- **Task requirements**
Restate the whole listing below word for word and keep the images out.

- **Data segment**
= = = = =

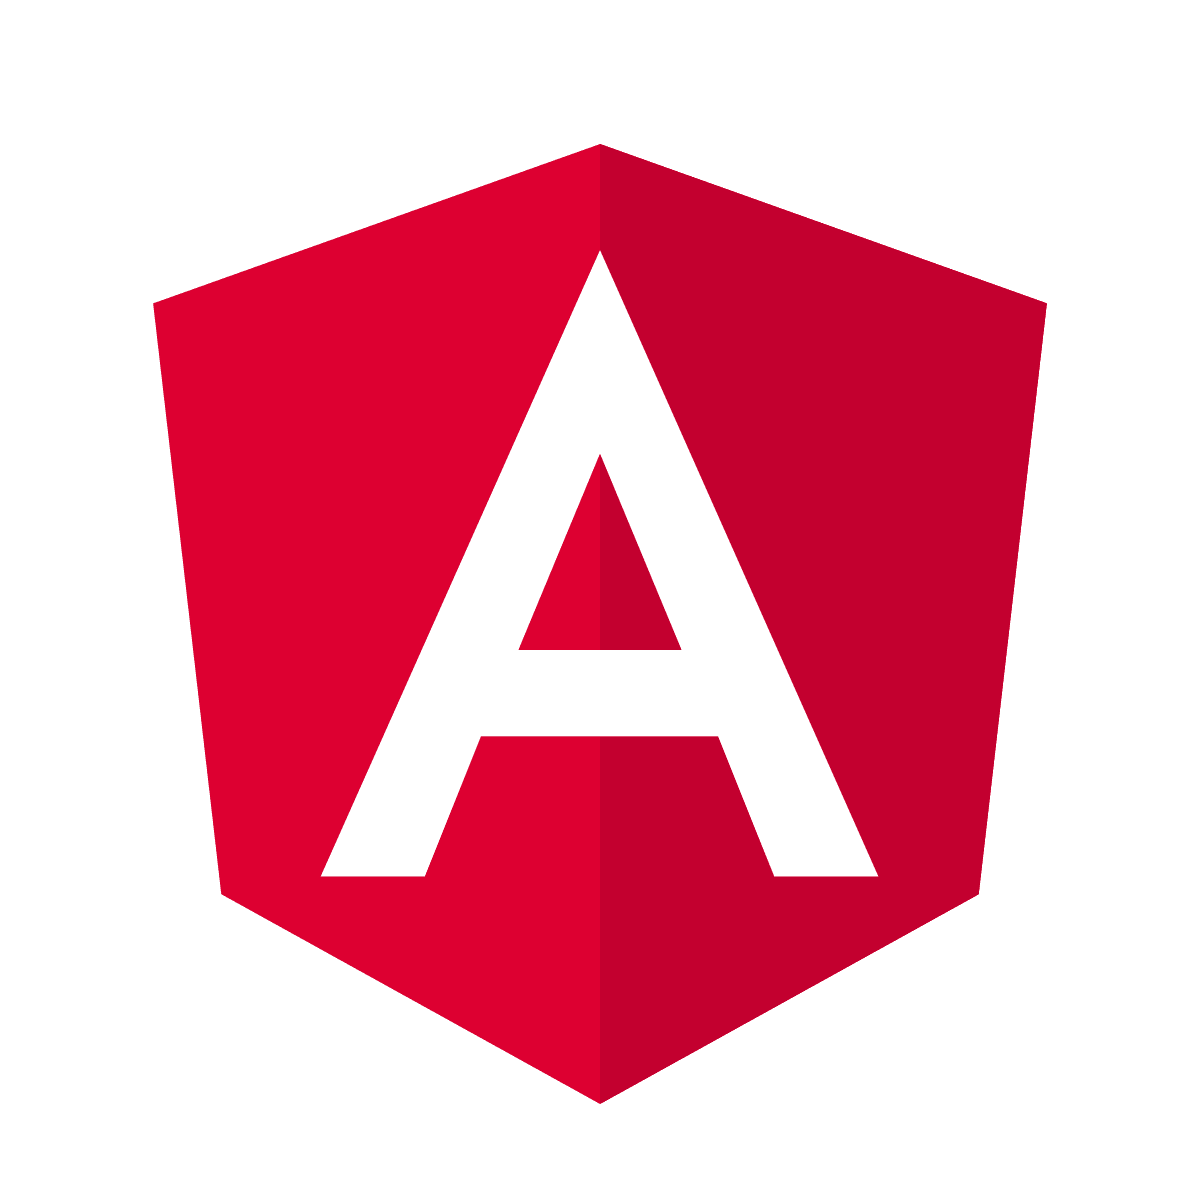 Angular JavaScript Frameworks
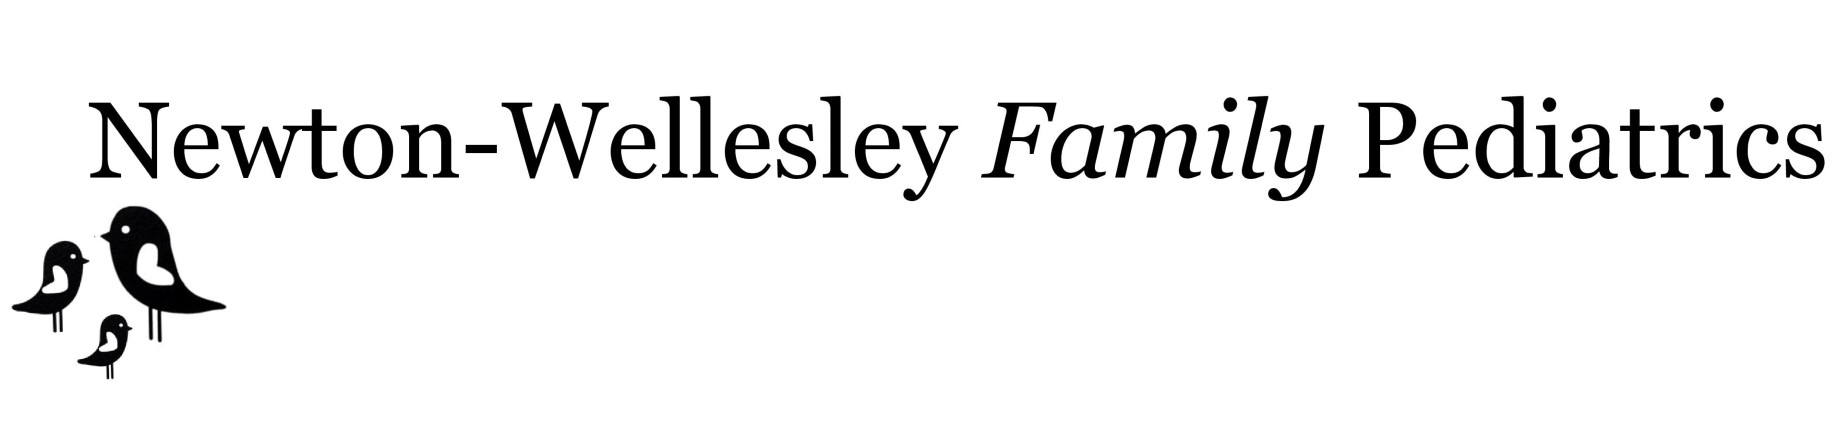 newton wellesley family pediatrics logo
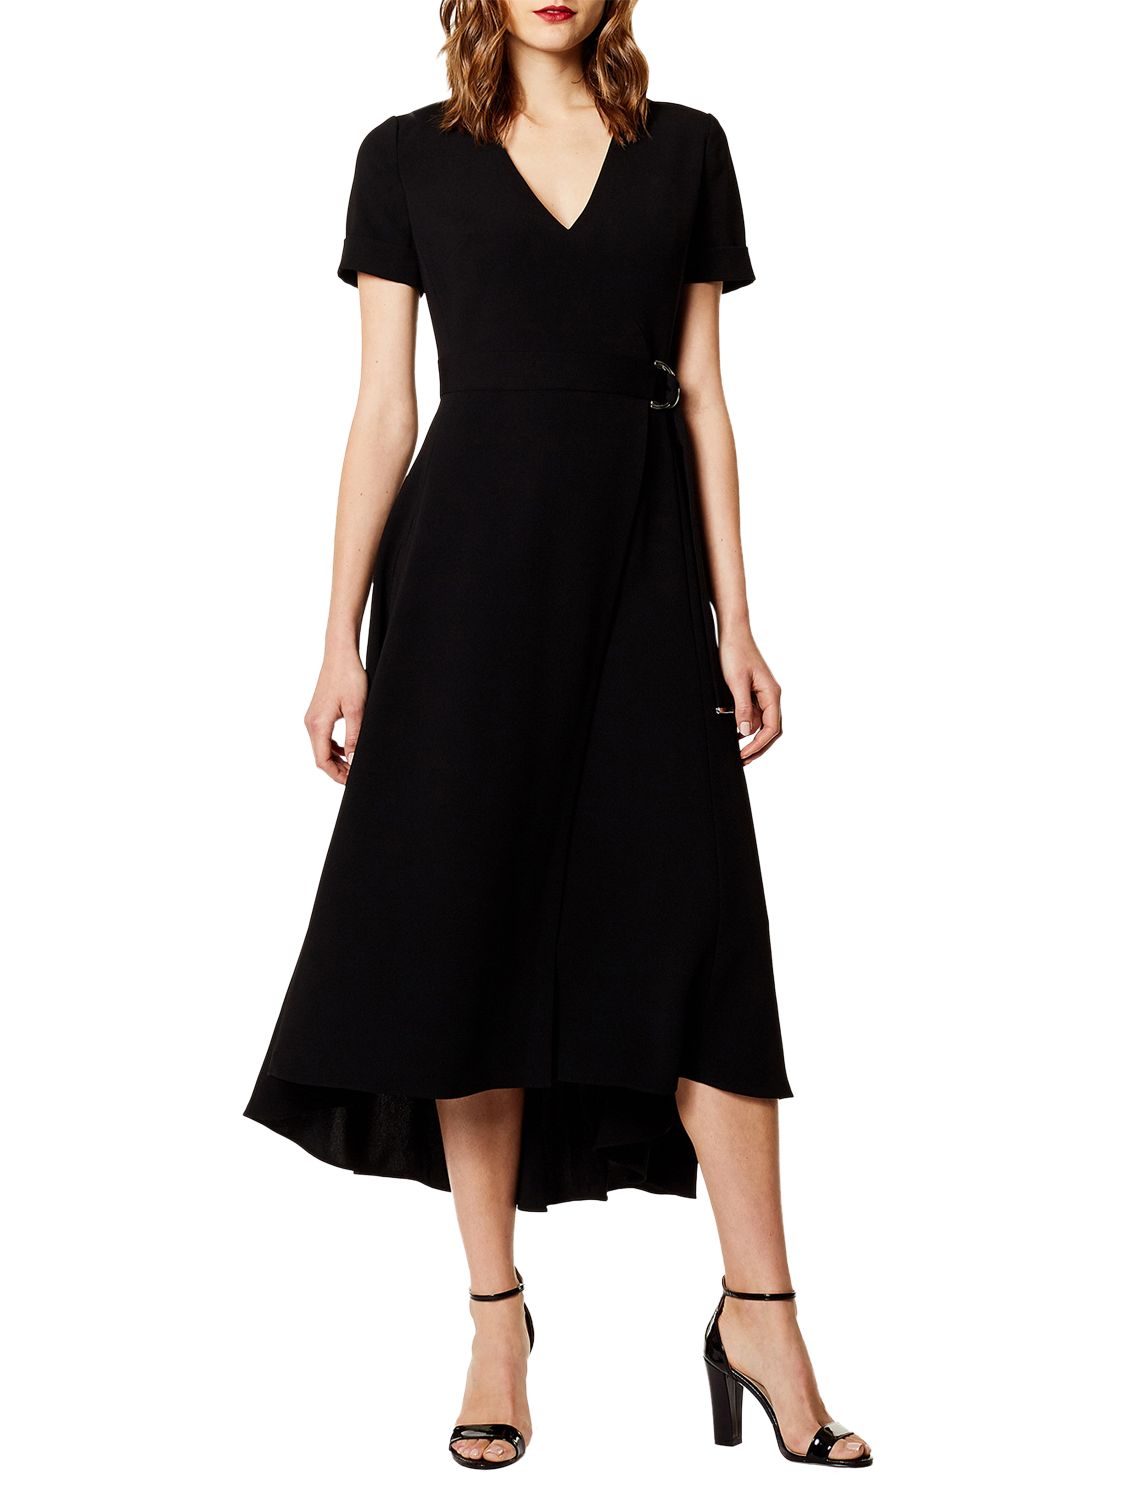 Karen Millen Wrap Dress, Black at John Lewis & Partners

= = = = =

- **Task solution**
 Angular JavaScript Frameworks
 newton wellesley family pediatrics logo
 Karen Millen Wrap Dress, Black at John Lewis & Partners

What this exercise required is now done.